Brzydota, deformacja, zniekształcenie oddane tak sugestywnie, sensorycznie, metaforycznie i zbliżeniowo, że treść i jego forma wzbudzały we mnie dysonans poznawczy od obrzydzenia po zachwyt. Z jednej strony poczwarność i larwalność przemiany bohaterów, powszechność wydzielin ciała ludzkiego, tworzących mieszaninę krwi, śliny, wymiocin, kału, moczu, smarków, łez, nad którą nieodłącznie unosił się smród i odór represji. Wszystko lepkie, śliskie, ciągnące się w mroku, szarości i trupim świetle. Zarówno na powierzchni, jak i w tunelach pod nią, pełne głodnych, istot, które mają skórę koloru rdzy i właśnie teraz wychodzą na żer. Z drugiej strony cudownie i precyzyjnie oddane gęstymi od pojęć, skojarzeń, porównań, alegorii zdaniami, przez których gęstość brnęłam z przyjemnością.
Jedna, wielka, obrzydliwa i cudowna rozpierducha!
Jakimś cudem nie pogubiłam się w niej, nie utraciłam żadnego wątku (a jest ich bardzo dużo!), nie ugięłam się pod ciężarem bólu egzystencjalnego, nie straciłam oddechu w tym wciągającym w jądro ciemności wirze, a nawet dostrzegałam symboliczną postać starca pojawiającą się między bohaterami. Pytanie – sybmbolizującą co? Czas, którego nie szanujemy, a może śmierć, którą lekceważymy i wypieramy? Każdy musi sobie odpowiedzieć na to pytanie z miejsca Tam, i wiele innych stawianych w tej powieści, sam.
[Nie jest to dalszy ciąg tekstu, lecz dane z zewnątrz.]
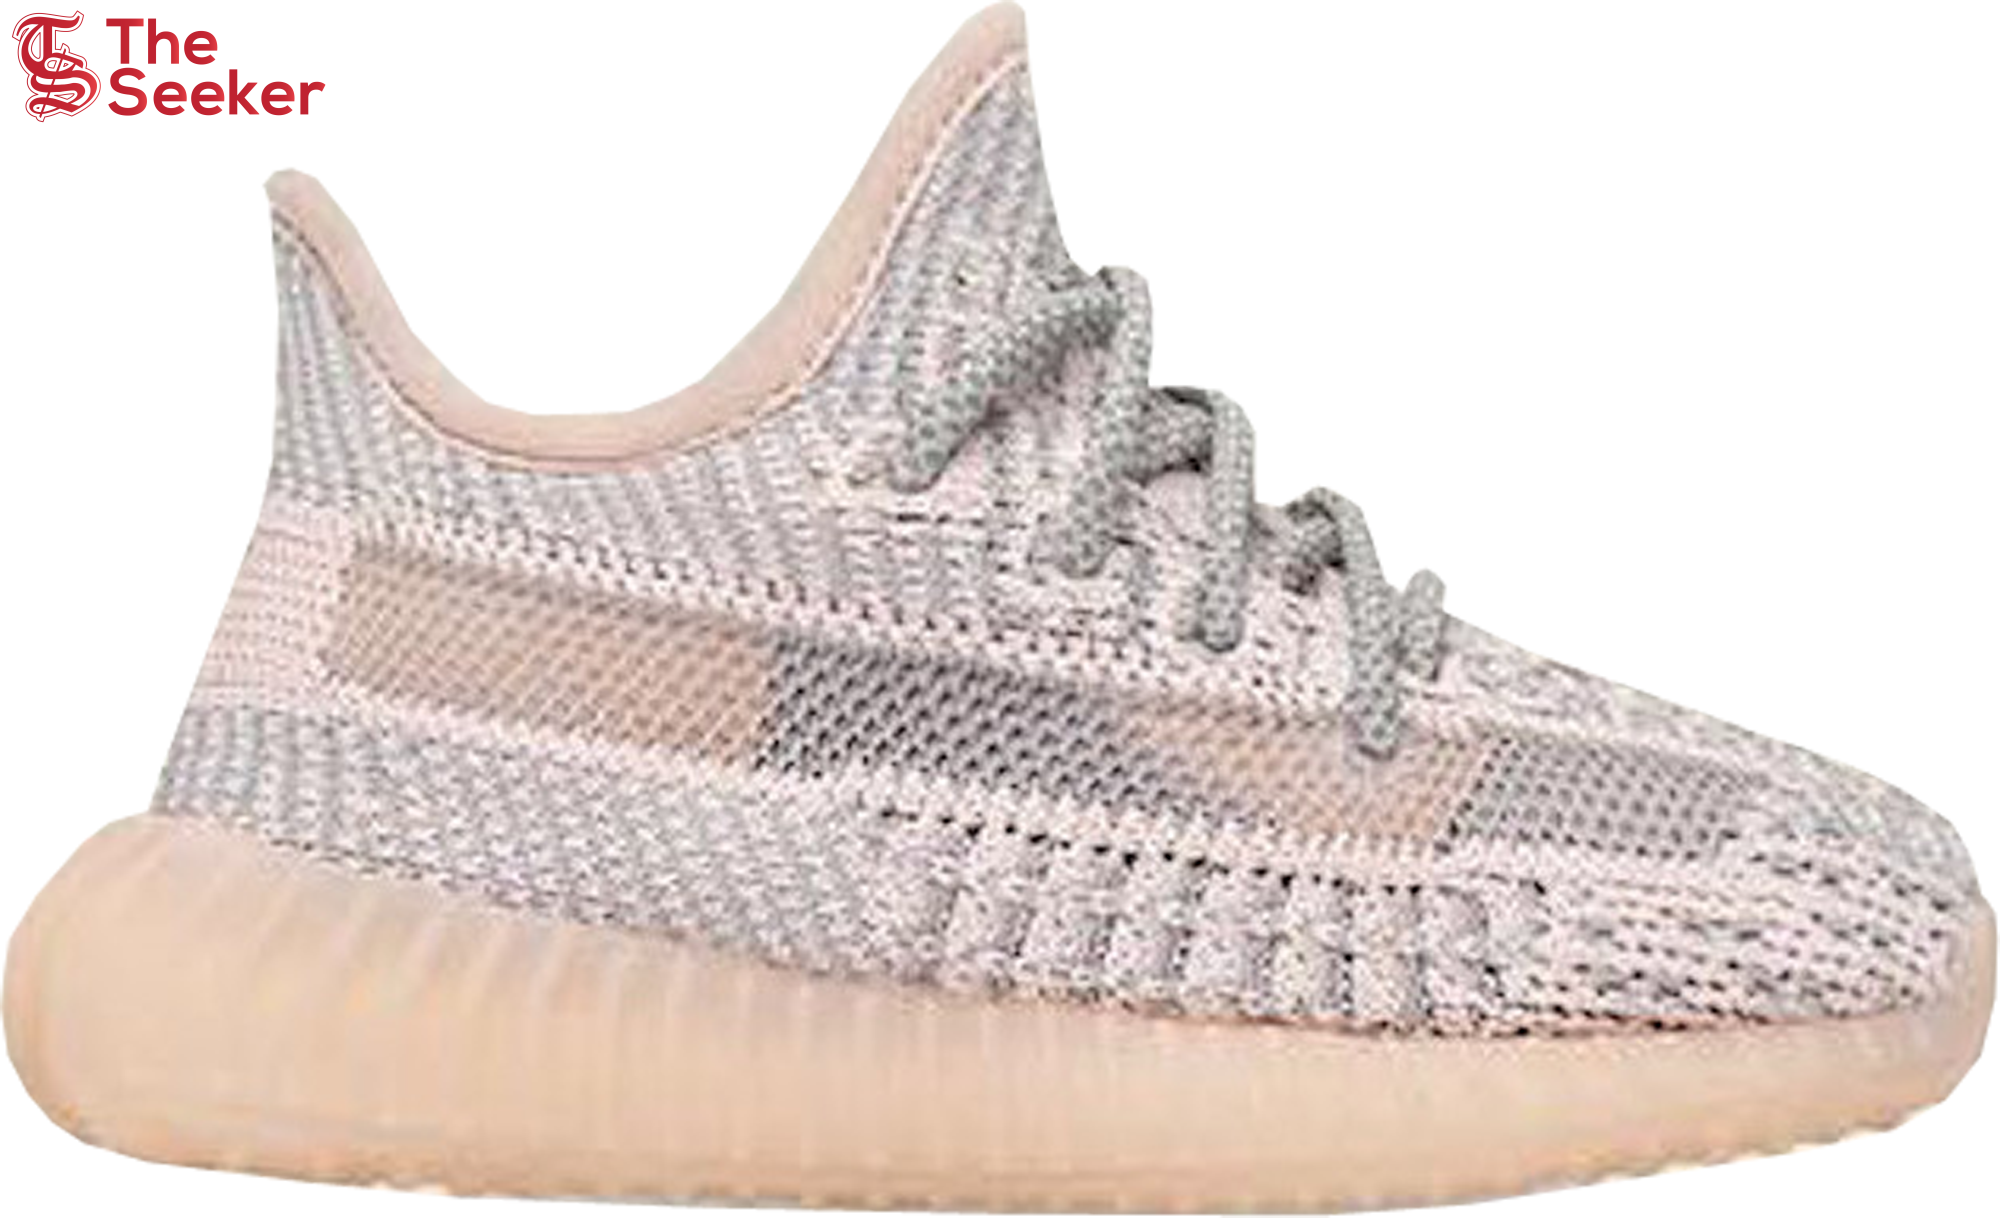 adidas Yeezy Boost 350 V2 Synth (Infants)

Zachwyciłam się kunsztem opowieści o alergii młodych (śmiem twierdzić, że nie tylko) na ludzkość.
No tak, ale ja jestem fanką twórczości autora i mogę być w jej ocenie bardzo subiektywna.
Zdania pisane kursywą są cytatami pochodzącymi z książki.
Radio Armagedon – Jakub Żulczyk, Wydawnictwo Świat Książki, 2019, wydanie 2 zmienione przez autora, 541 stron, literatura polska.
Na podstawie powieści powstał spektakl teatralny.
Autorka: Maria Akida
Kategorie: Powieść społeczno-obyczajowa
Parycjo, to ta książka jest napisana dla ciebie! To świat brutalny, równoległy twoich rówieśników, a jednocześnie bliski, bo każdy kiedyś przeszedł fazę buntu. Tylko że tutaj jest on skrajny, ale jakiż cudowny w formie przekazu. Polecam!